Most algorithmic trading projects fail the same way: a hypothesis gets hardcoded into a training script, results look promising, and then changing any variable — the symbol, the timeframe, the feature set — requires editing code and hoping nothing else breaks. The experiment and the infrastructure are tangled. I wanted to build the infrastructure layer first: each hypothesis is a YAML config, the training runner is generic, results are tracked in PostgreSQL. Running a new experiment is a single command. The codebase stays stable while the hypothesis space expands. Algorithmic trading is the right problem to build this on — the feedback loop is honest, the data challenges are real (four sources with different schemas, gaps, and reliability characteristics), and the penalty for getting the infrastructure wrong shows up immediately in unreliable results.

A platform built to run trading hypothesis experiments systematically at scale. Each hypothesis lives in a YAML experiment config, not in code — results tracked in PostgreSQL across binary and multi-class architectures, multiple timeframes, and dozens of feature group configurations. A three-tier model gate enforces scientific rigour before any model touches live trading. Data pipelines pull from four sources, normalise across different schemas, and fill gaps continuously. The system runs on dedicated hardware with GPU-accelerated training on an RTX 4090 and paper trading sessions running around the clock.

What's interesting

Hypotheses live in config, not code

Each experiment is a YAML file defining the model type, symbol, timeframe, feature groups, holding period, and profit target. Running a new hypothesis is a single command against a config file. This kept the codebase stable while allowing rapid iteration across dozens of configurations. All results are tracked in PostgreSQL, never in JSON registries or flat files.

Scientific method enforced at the architecture level

A three-tier model gate runs after every training run: sanity checks (files exist, metrics populated, minimum data coverage), performance checks (return positive, Sharpe above 0.5, win rate in range, beats buy-and-hold), and statistical validation.

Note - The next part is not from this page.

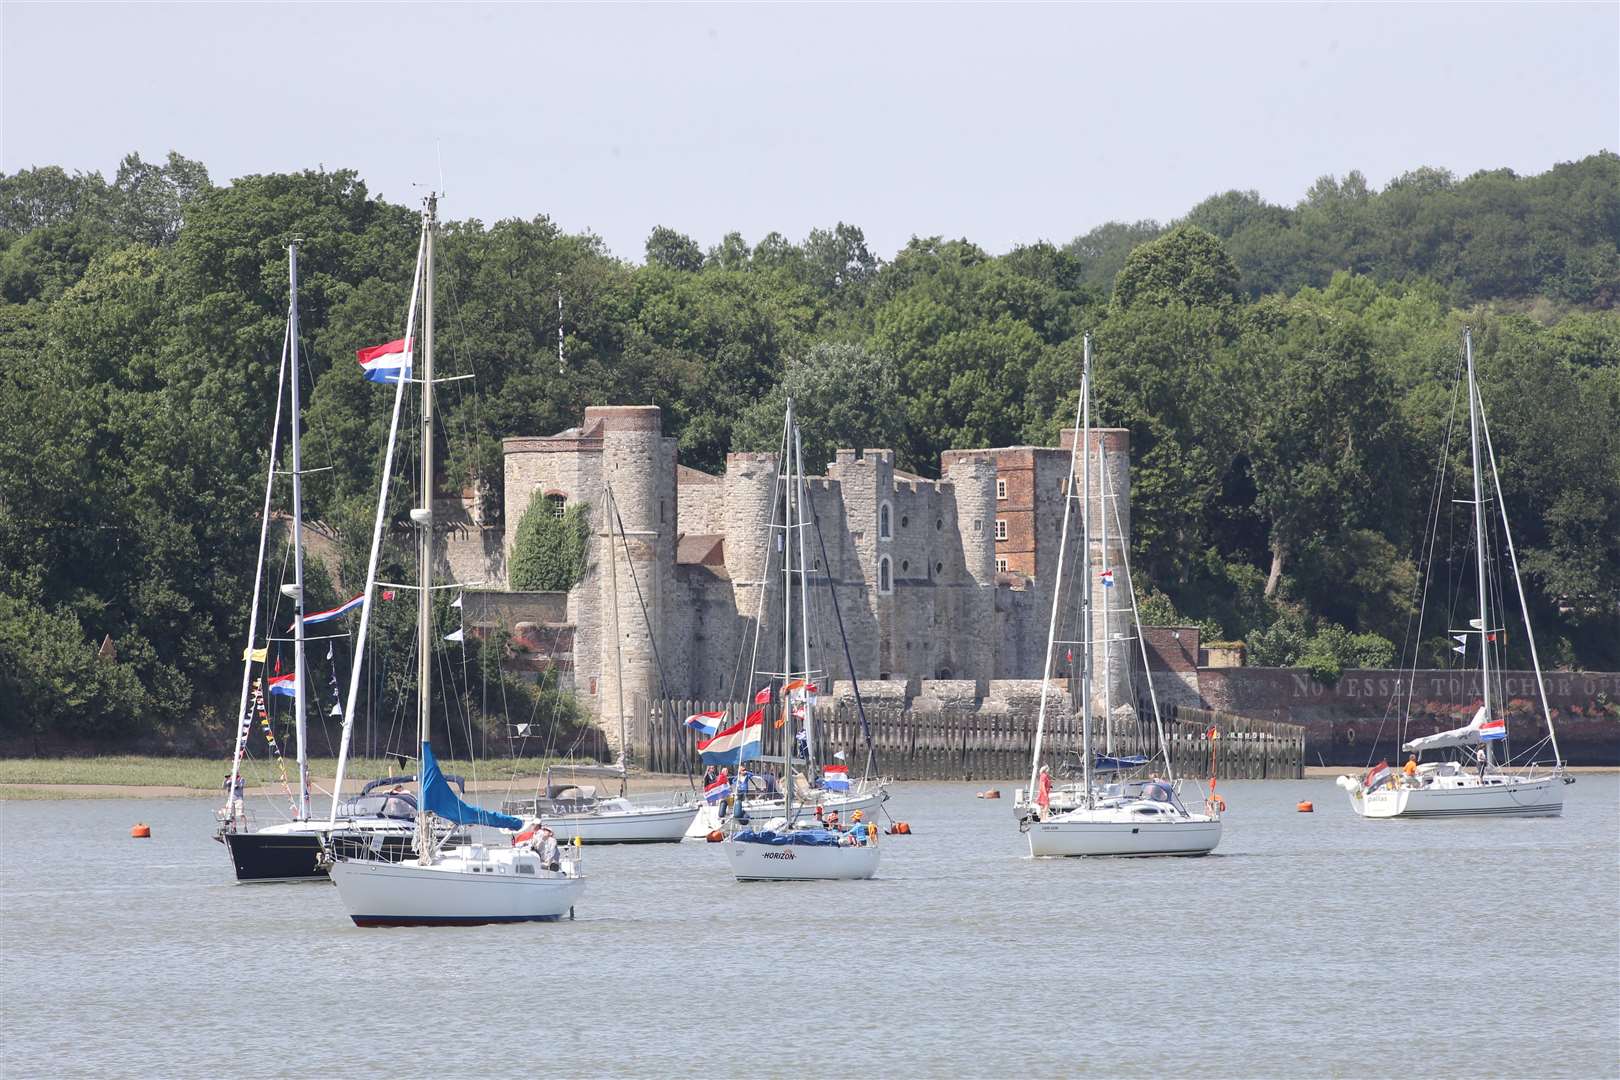 Upnor Castle, on the River Medway, as part of commemorations for the 350th anniversary of the Battle of Medway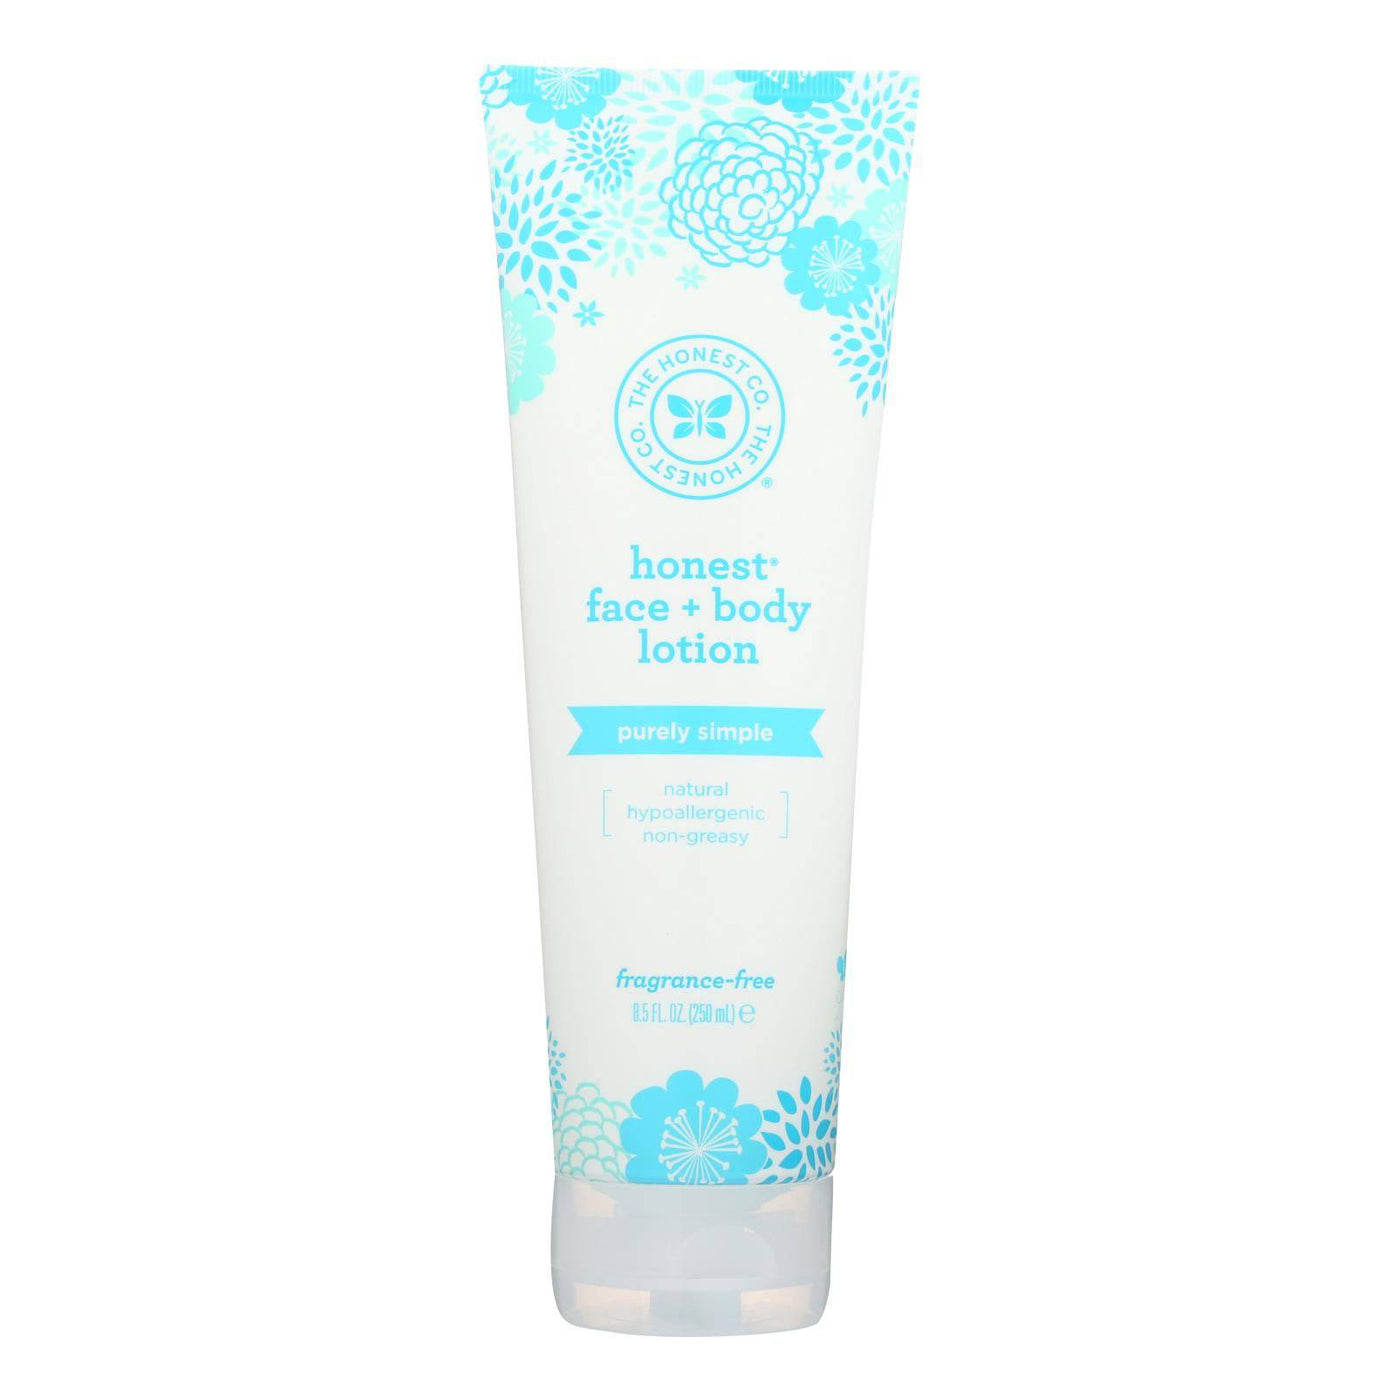 Buy The Honest Company Honest Face And Body Lotion - 8.5 Oz  at OnlyNaturals.us

Data splits are always chronological, never shuffled. Forward returns are calculated after the split to prevent leakage. Only gate-passing models get committed to the models directory.

Feature pipeline as the single source of truth

Early in the project, training and backtesting were calculating rolling features over different historical windows, producing different feature distributions and making results unreliable. A centralised FeaturePipeline class enforces identical feature calculation across training, backtesting, and live inference. Every model saves its feature metadata at training time and loads it at inference. This was the unlock that made experiment results trustworthy.

Multi-source data pipeline with quality validation

Market data comes from Polygon (equities live and historical), CoinGecko (crypto 5-minute live), GeckoTerminal (crypto 1-minute live and historical backfill), and Binance (crypto gap fill and execution), each with different schemas, update frequencies, and reliability. A structural volume coverage issue with Binance.US USD pairs (7.6% of expected coverage, because trading is USDT-dominated) led to separate feature sets: 12 features for crypto, 14 for equities. Collectors run continuously and gap fillers backfill missing windows. Data quality checks run before training.

Why this matters

Capital protection models trained reliably and the results held across different symbols and timeframes — bear and sideways markets have strong feature signatures that XGBoost identifies well. Generating consistent alpha is a harder problem. A pattern that works attracts capital and the pattern disappears; the right response is a faster iteration loop, not a more sophisticated model. The config system and three-tier gate were built for exactly that. This is a project worth circling back to.